VAN July/August 2013: Christodoulos Makris Discusses Thomas Brezing’s ‘Carpet Man’



All the lonely people
Where do they all come from
All the lonely people
Where do they all belong

Paul McCartney, Eleanor Rigby, 1966


I met the Carpet Man first towards the end of 2011, during the opening of Thomas Brezing’s exhibition ‘The Art of Failure Isn’t Hard to Master’ at the Highlanes Gallery in Drogheda (12 November 2011 – 11 January 2012). There he stood, chaperoned by a gallery assistant but otherwise apparently helpless, his feet in an old pair of woollen socks and his outstretched arms the only things extending from his body – an old carpet – letting everybody know through text sewn on his torso that he was “almost fit to be hugged”. Brezing’s daughters were the first to try erasing that “almost,” eventually cajoling many of the other guests to follow suit. The Carpet Man hugged everybody back.

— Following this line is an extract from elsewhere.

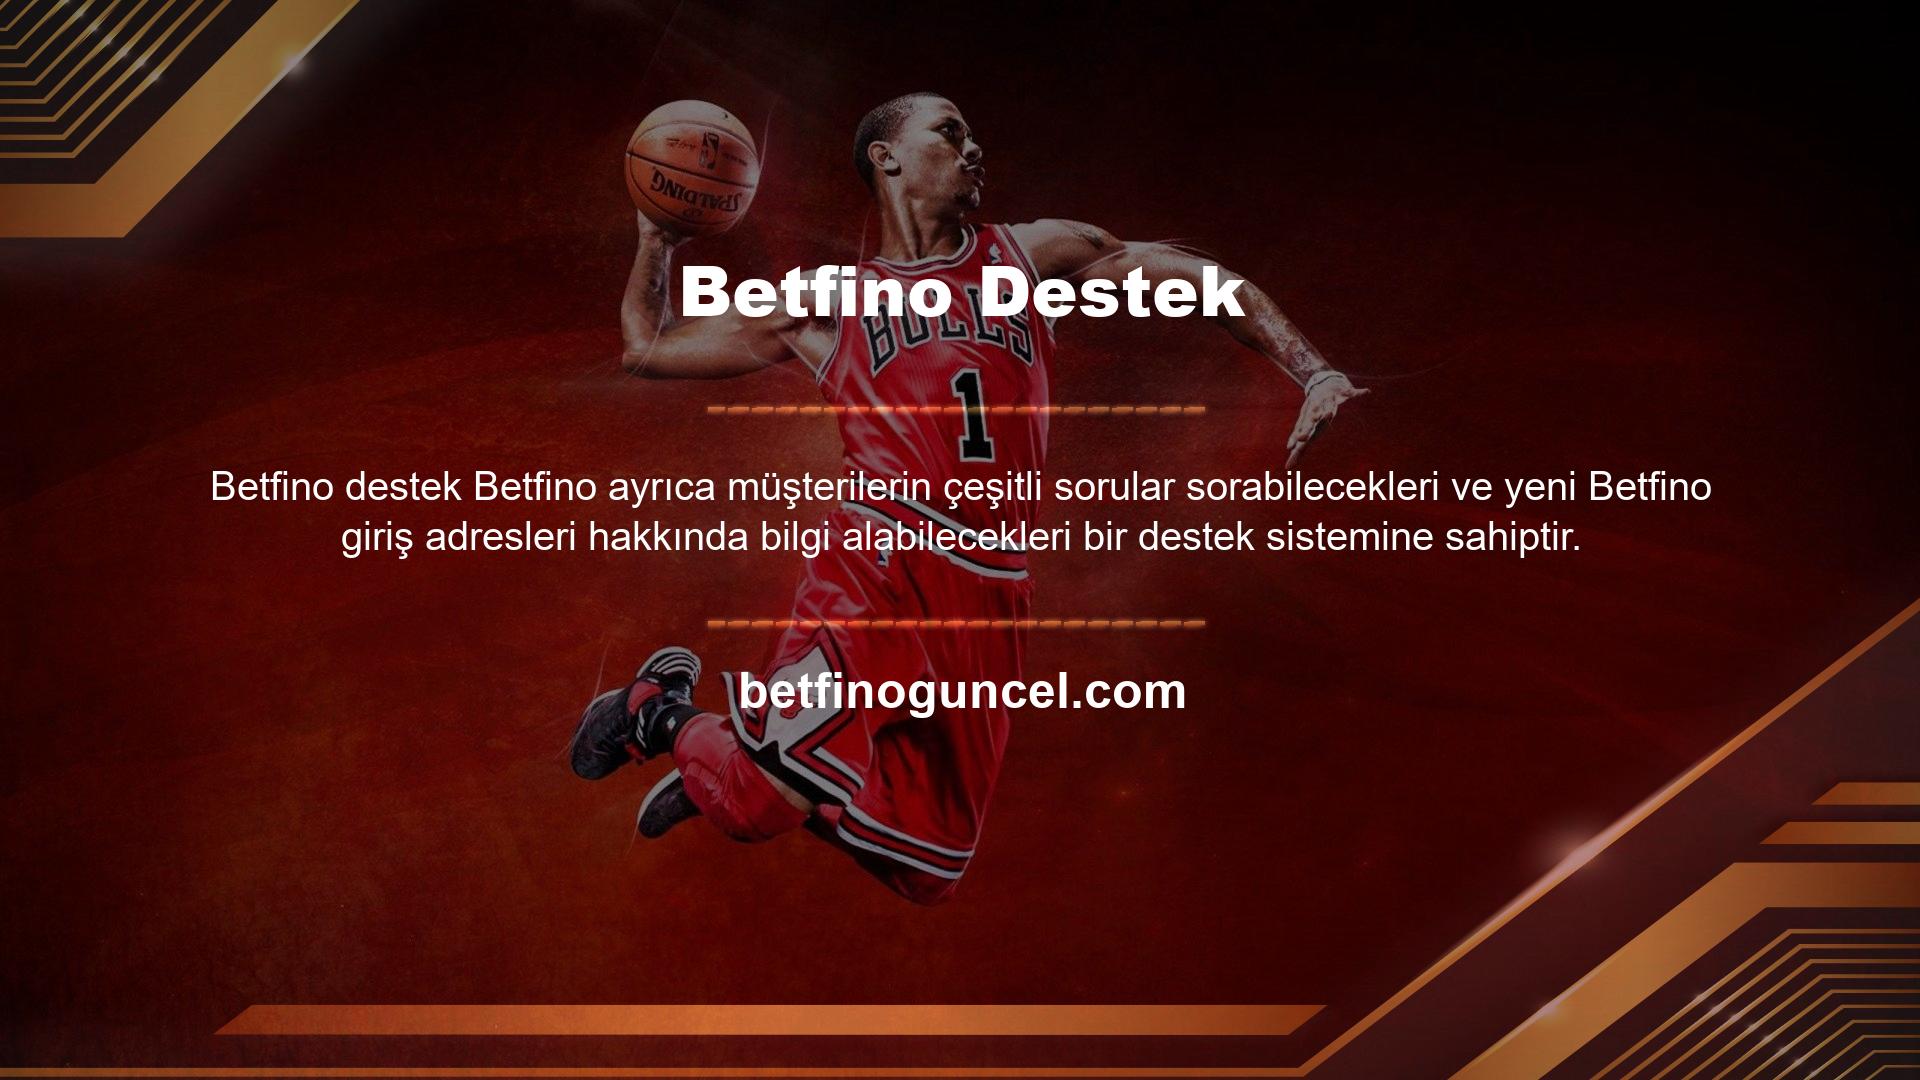 Betfino Destek Yeni Giriş Adresi
Oynanacak çeşitli halka açık bahisler, casinolar ve sanal oyunlar ile Betfino adresi, insanların iyi vakit geçirmesi için bir site haline geldi

Where did the Carpet Man come from? Who is he? Why is he among us? What does he represent? In the course of an email interview / discussion I’ve been conducting with Brezing, one of his answers revolved around his current sense of removal from painting, which has been his primary practice for at least a decade. Without ruling out a return, he feels he has said everything he’s had to say up to this point through the medium, and is looking to “go through other experiences”. It has not been a surprise to learn that he particularly enjoys the physical act of making: his training in metalwork being primarily about craft, its focus on working with the hands rather than with the mind.

Clearly, though, the ‘Carpet Man’ project is strongly conceptual. And there’s a large dose of situationism within it (Guy Debord defines situation as “a moment of life concretely and deliberately constructed by the collective organization of a unitary ambiance and a game of events.”1) But both preparation and execution revolve around physical activity.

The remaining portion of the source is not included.